Adverse Events is eminently readable and accessible, making it a perfect addition to undergraduate courses. It could be read alongside scholarship on pharmaceuticals and capitalism, race and biomedicine, and STS seminars addressing themes of validity and strategic ignorance, ethics and risk, experimentation and model organisms, or clinical trials and labor. I assigned Chapter 6, “The Dark Side of the Model,” alongside Adams (2002) in my introductory-level STS course. This material initiated a robust discussion around how inequalities and profit motives alter the very design of scientific studies. Teaching this work in Hong Kong also brought to the fore the extent to which this book is about American society in particular. Fisher notes some contrasts with clinical trials in other places—such as the use of “sentinel dosing” in Europe and requirements for ethnically Japanese volunteers in Japan (p. 274, notes 4 and 7)—but future research could productively delve into how inequality, ethics, and study design intersect in different contexts.

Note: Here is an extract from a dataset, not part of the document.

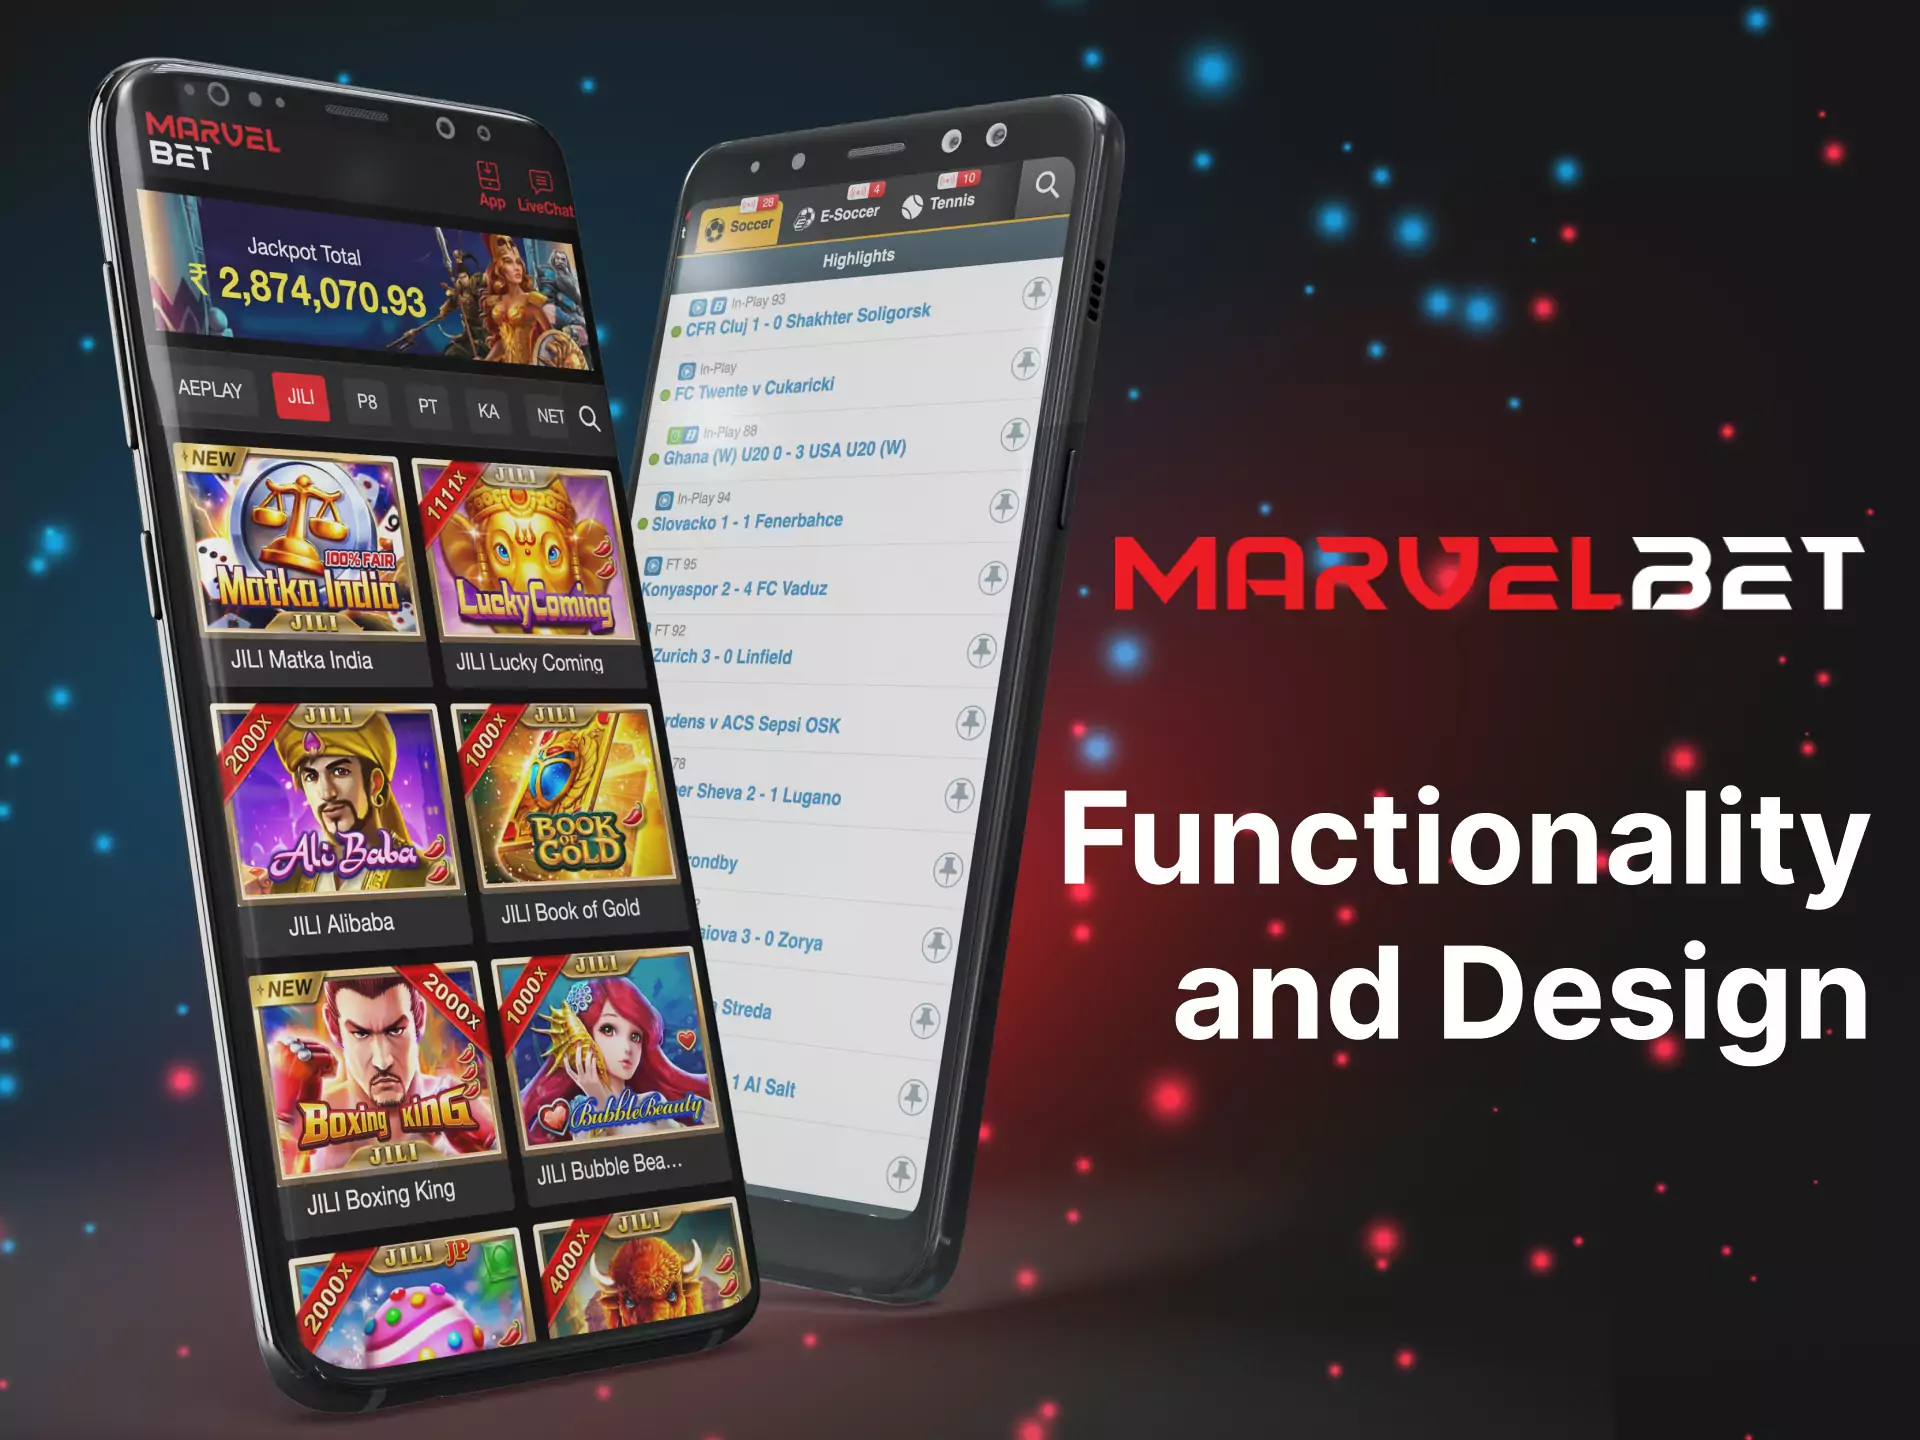 The MarvelBet app has an attractive and functional design.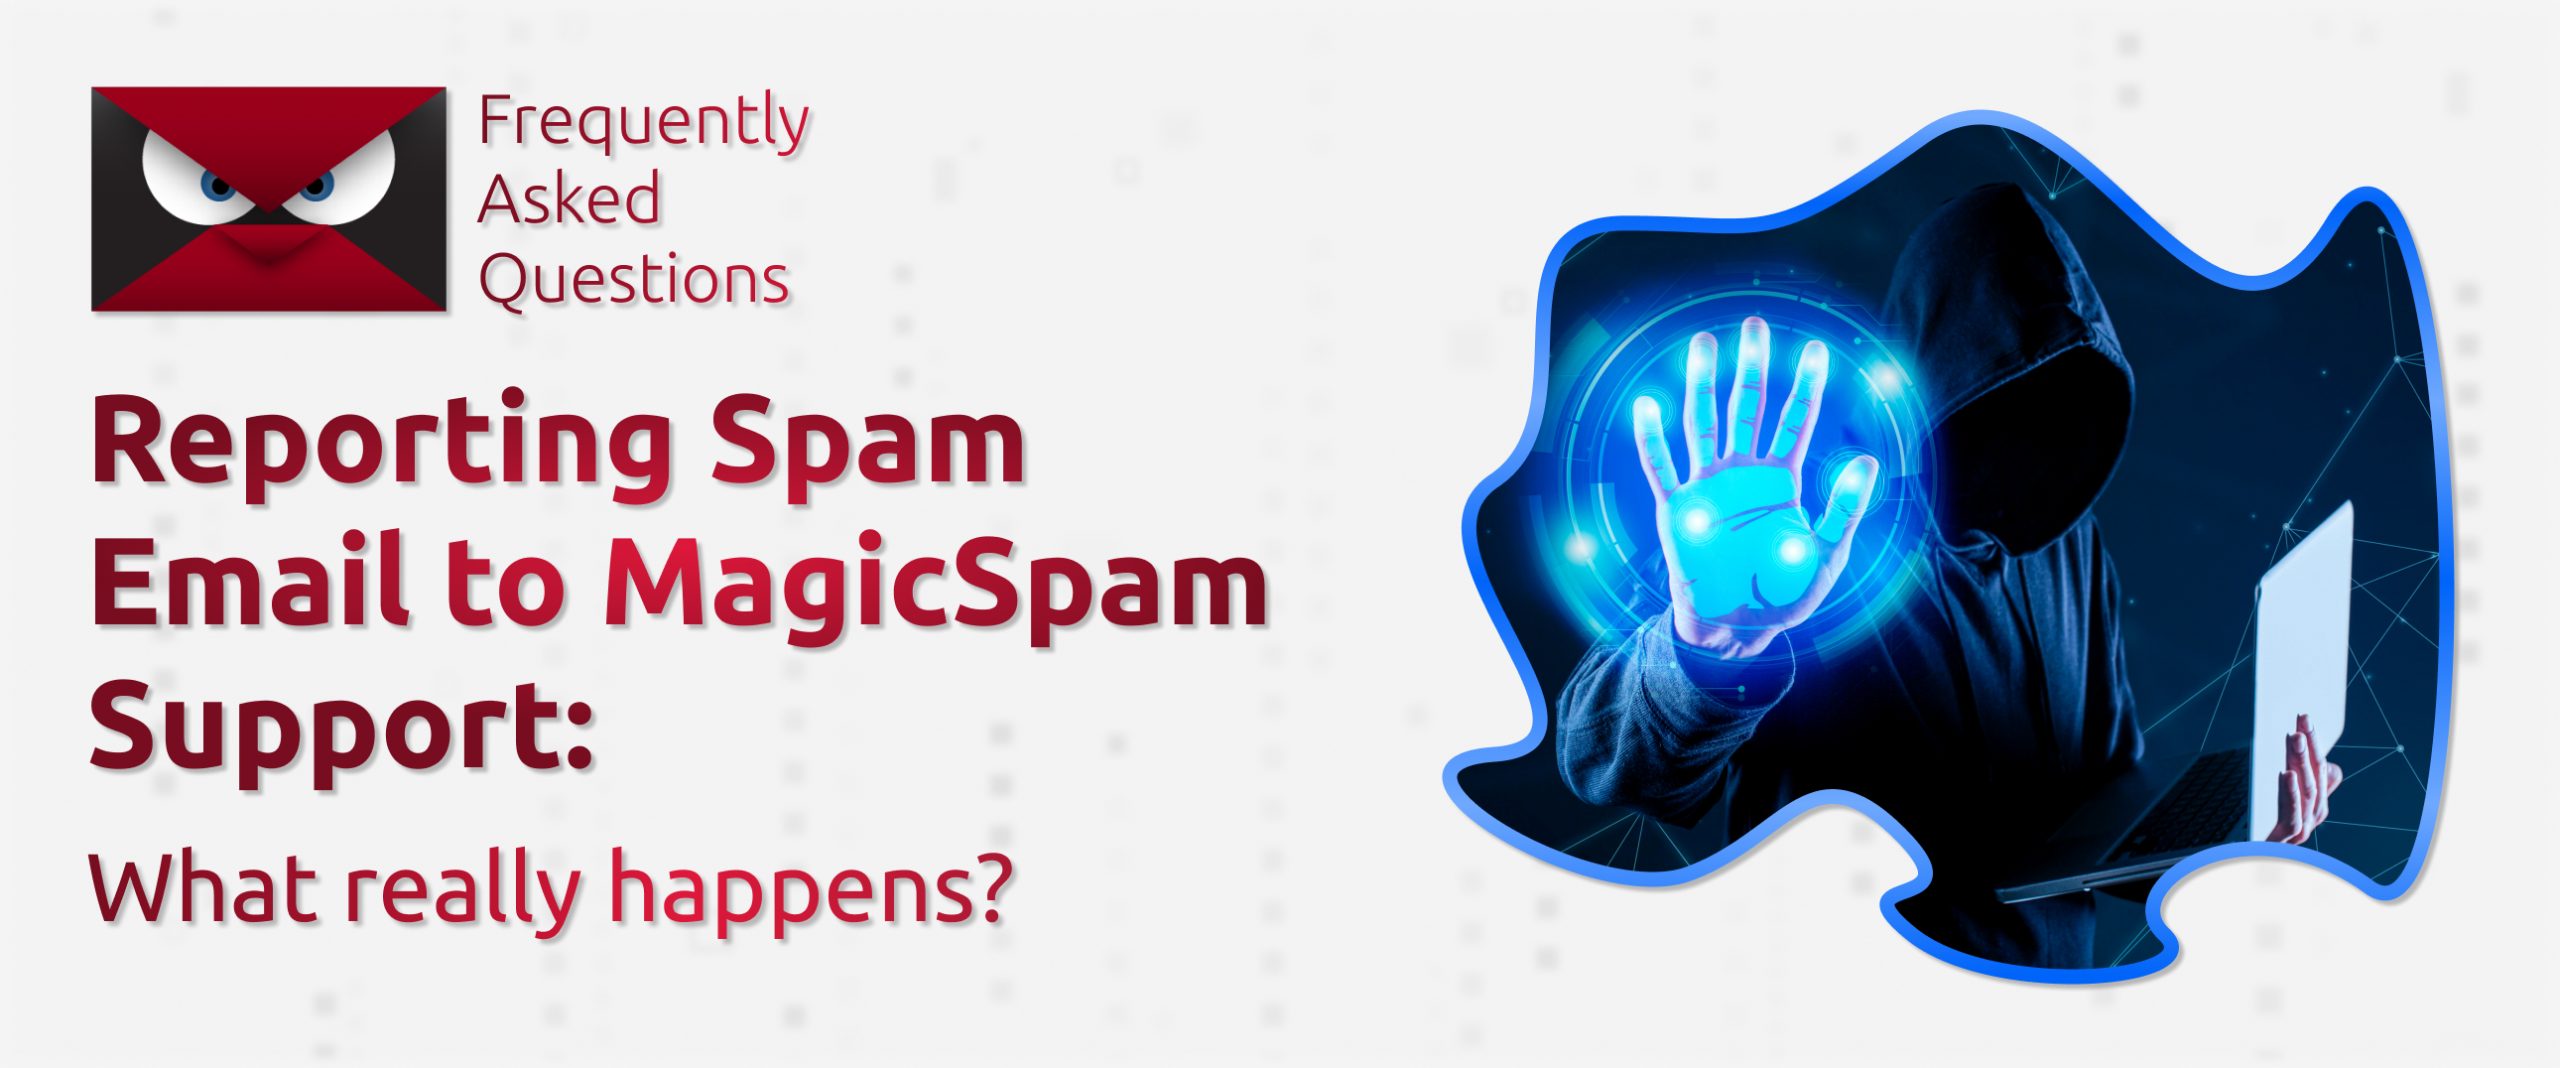 Reporting Spam Email to MagicSpam Support: What really happens?

Finally, this is a text that can—and should—reach audiences beyond academia. Adverse Events concludes with a call to make visible both the validity issues and the socioeconomic exploitation inherent in the Phase I clinical trial industry. The book stands as an open invitation for greater dialogue, awareness, and redress of these issues within the pharmaceutical industry, through public health policy, and among the public. We will all live in a more just and healthy world if we join in realizing these aims.
References Cited
Adams, V. 2002. Randomized Controlled Crime: Postcolonial Sciences in Alternative Medicine Research. Social Studies of Science 32: 659–90.
Bhattacharyya, G. 2018. Rethinking Racial Capitalism: Questions of Reproduction and Survival. New York: Rowman & Littlefield.
Leroy, J., and D. Jenkins, eds. 2021. Histories of Racial Capitalism. New York: Columbia University Press.